A plurality of history sequences are acquired, each history sequence comprising index values of business indexes or related indexes at a plurality of history moments in a history evaluation period.
A historical trend sequence is determined over an evaluation period duration based on the plurality of historical sequences.
Based on the historical trend sequence and the real-time sequence, a plurality of decomposition sequences corresponding to the current evaluation period are obtained. The plurality of decomposition sequences at least comprises an activity sequence, wherein the activity sequence is determined by a preset activity form fitting function and is used for reflecting sequence fluctuation caused by the business activity related to the business index.

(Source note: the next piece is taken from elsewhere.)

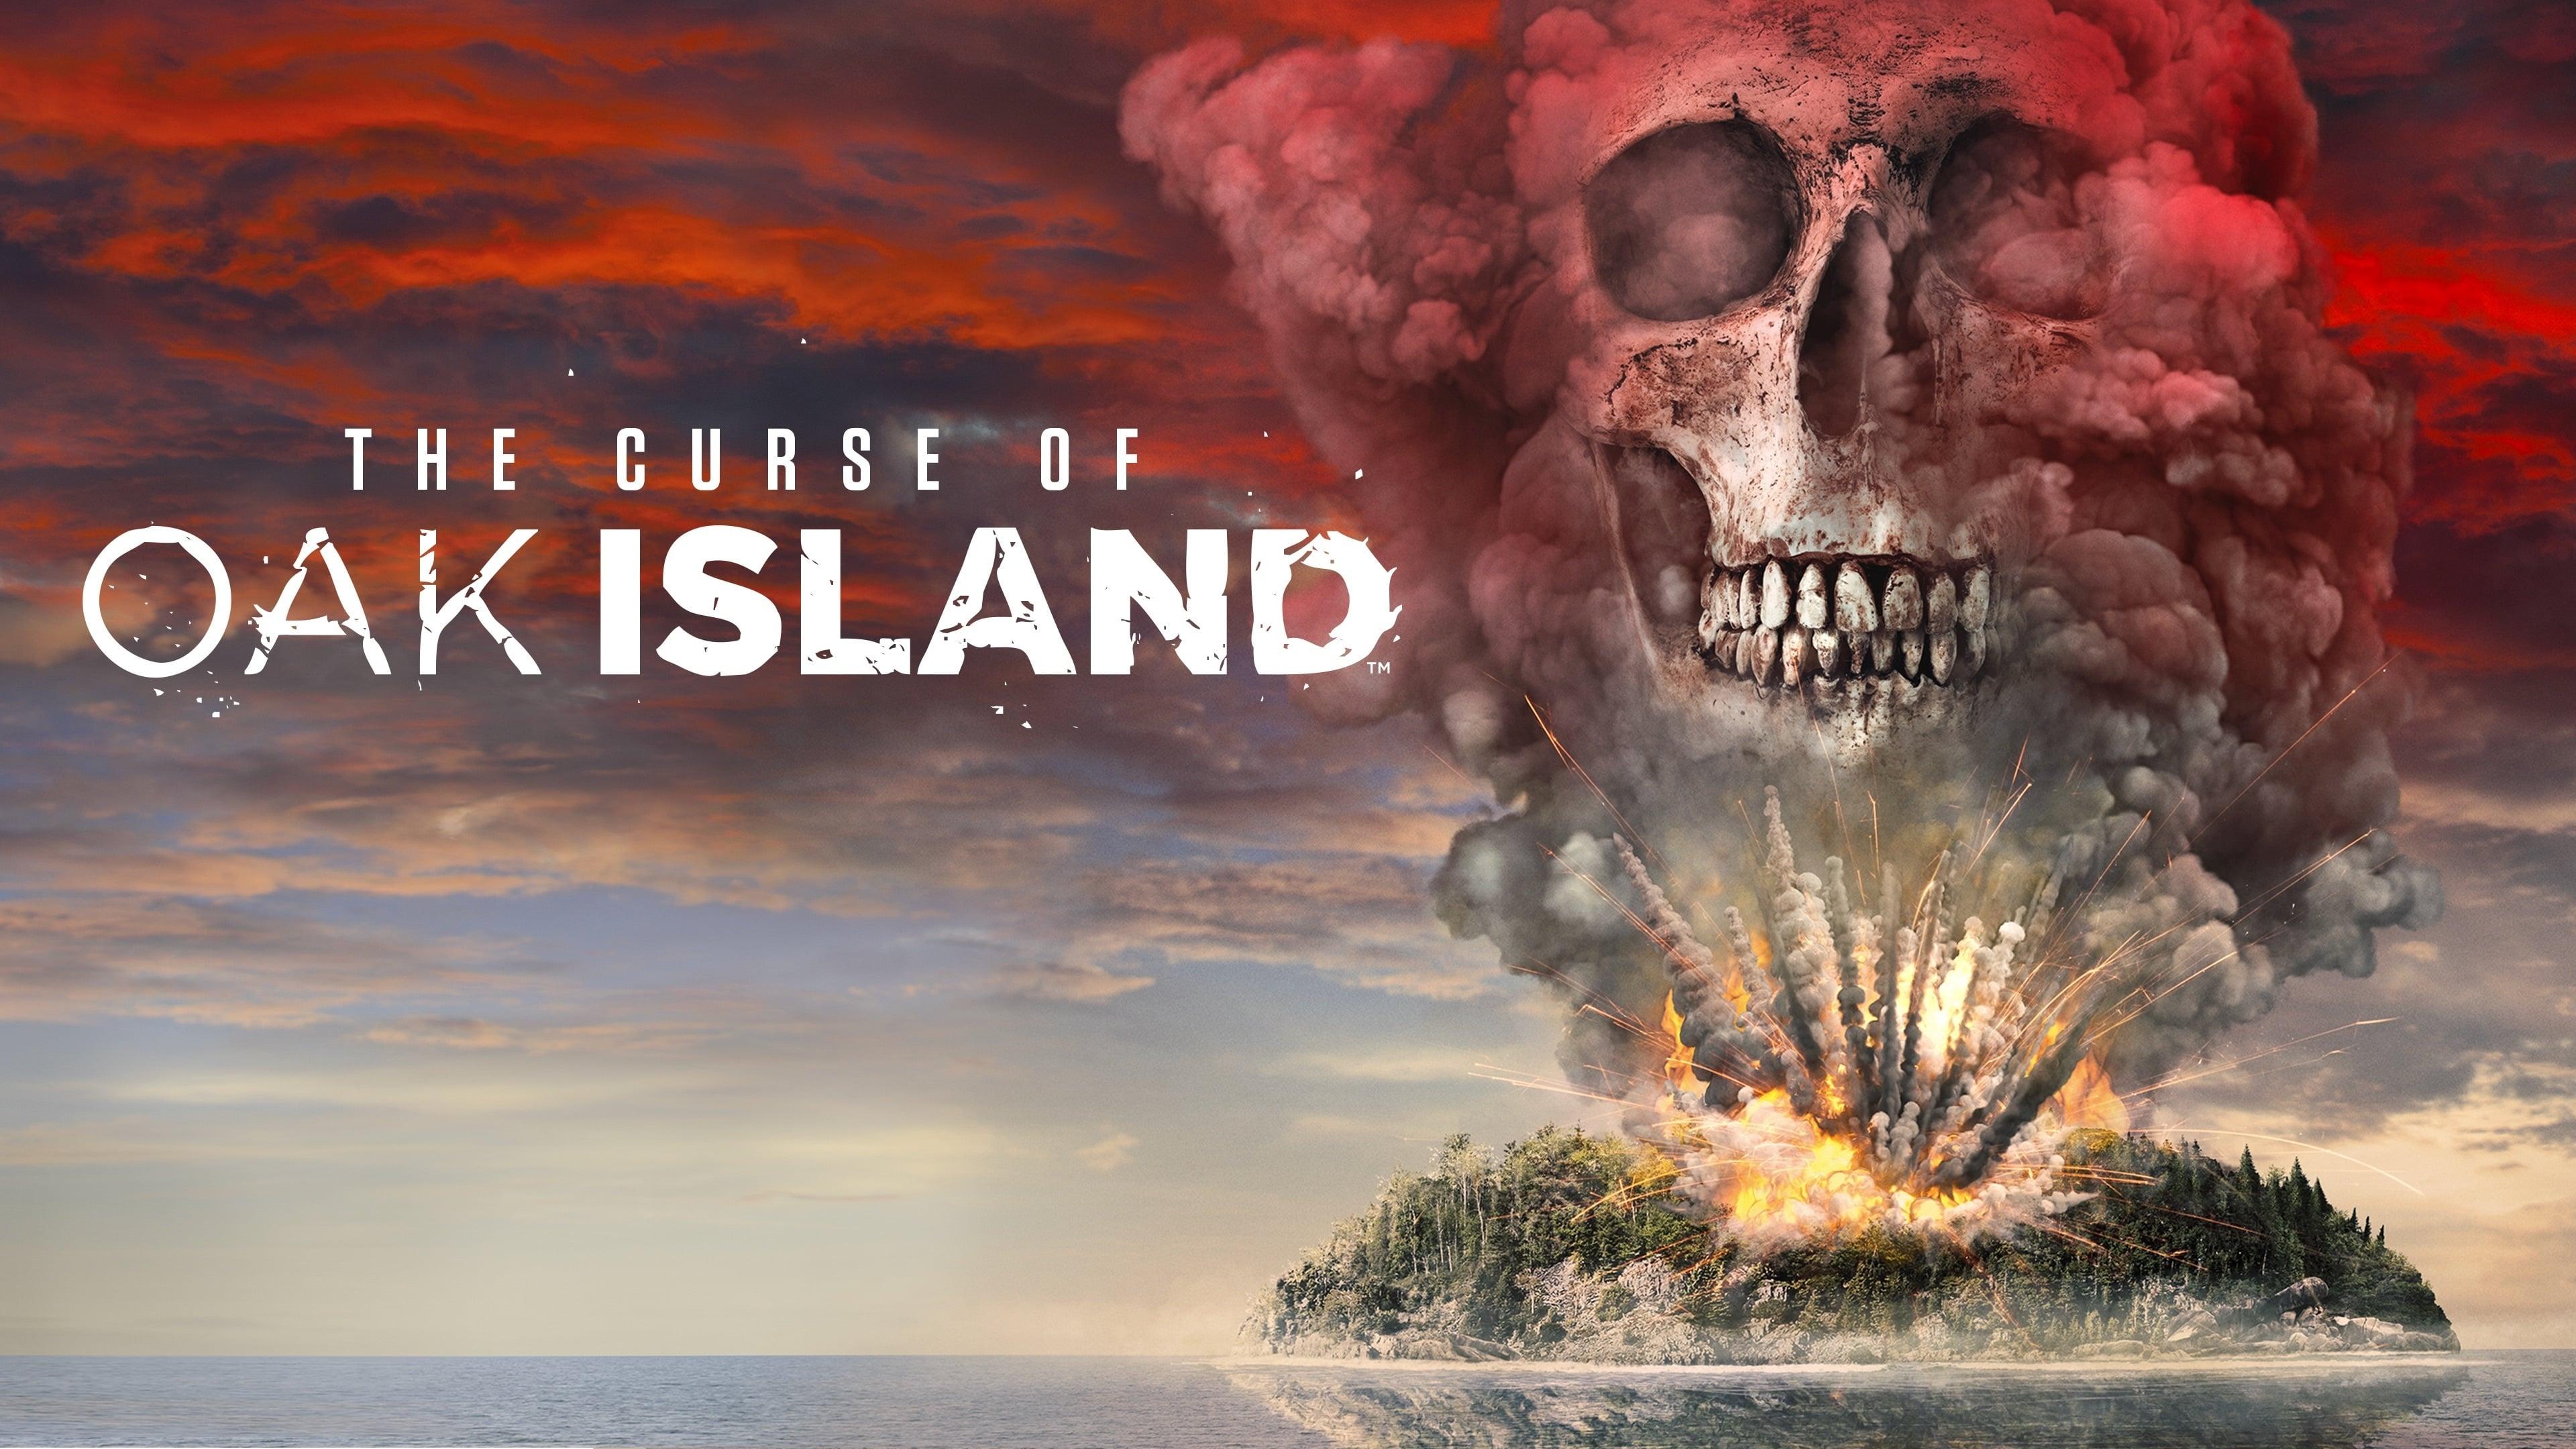 The Curse of Oak Island - Specials

Based on the plurality of decomposition sequences, a total time sequence corresponding to the current evaluation period is determined. The total time series is used to predict an index value for a future time instant within the current evaluation period.
The time sequence prediction device for the business index provided by the embodiment of the specification can accurately predict the time sequence of the index.
In this specification, each embodiment is described in a progressive manner, and identical and similar parts of each embodiment are all referred to each other, and each embodiment mainly describes differences from other embodiments. In particular, for the apparatus embodiments, since they are substantially similar to the method embodiments, the description is relatively simple, and reference is made to the description of the method embodiments in part.
The steps of a method or algorithm described in connection with the disclosure herein may be embodied in hardware, or may be embodied in software instructions executed by a processor. The software instructions may be comprised of corresponding software modules that may be stored in RAM memory, flash memory, ROM memory, EPROM memory, EEPROM memory, registers, hard disk, a removable disk, a CD-ROM, or any other form of storage medium known in the art. An exemplary storage medium is coupled to the processor such the processor can read information from, and write information to, the storage medium. In the alternative, the storage medium may be integral to the processor. The processor and the storage medium may reside in an ASIC. In addition, the ASIC may reside in a server. The processor and the storage medium may reside as discrete components in a server.
Those skilled in the art will appreciate that in one or more of the examples described above, the functions described in the present invention may be implemented in hardware, software, firmware, or any combination thereof. When implemented in software, these functions may be stored on or transmitted over as one or more instructions or code on a computer-readable medium. Computer-readable media includes both computer storage media and communication media including any medium that facilitates transfer of a computer program from one place to another. A storage media may be any available media that can be accessed by a general purpose or special purpose computer.
The foregoing describes specific embodiments of the present disclosure. Other embodiments are within the scope of the following claims. In some cases, the actions or steps recited in the claims can be performed in a different order than in the embodiments and still achieve desirable results. In addition, the processes depicted in the accompanying figures do not necessarily require the particular order shown, or sequential order, to achieve desirable results. In some embodiments, multitasking and parallel processing are also possible or may be advantageous.
The foregoing detailed description of the embodiments has further described the objects, technical solutions and advantages of the present specification, and it should be understood that the foregoing description is only a detailed description of the embodiments of the present specification, and is not intended to limit the scope of the present specification, but any modifications, equivalents, improvements, etc. made on the basis of the technical solutions of the present specification should be included in the scope of the present specification.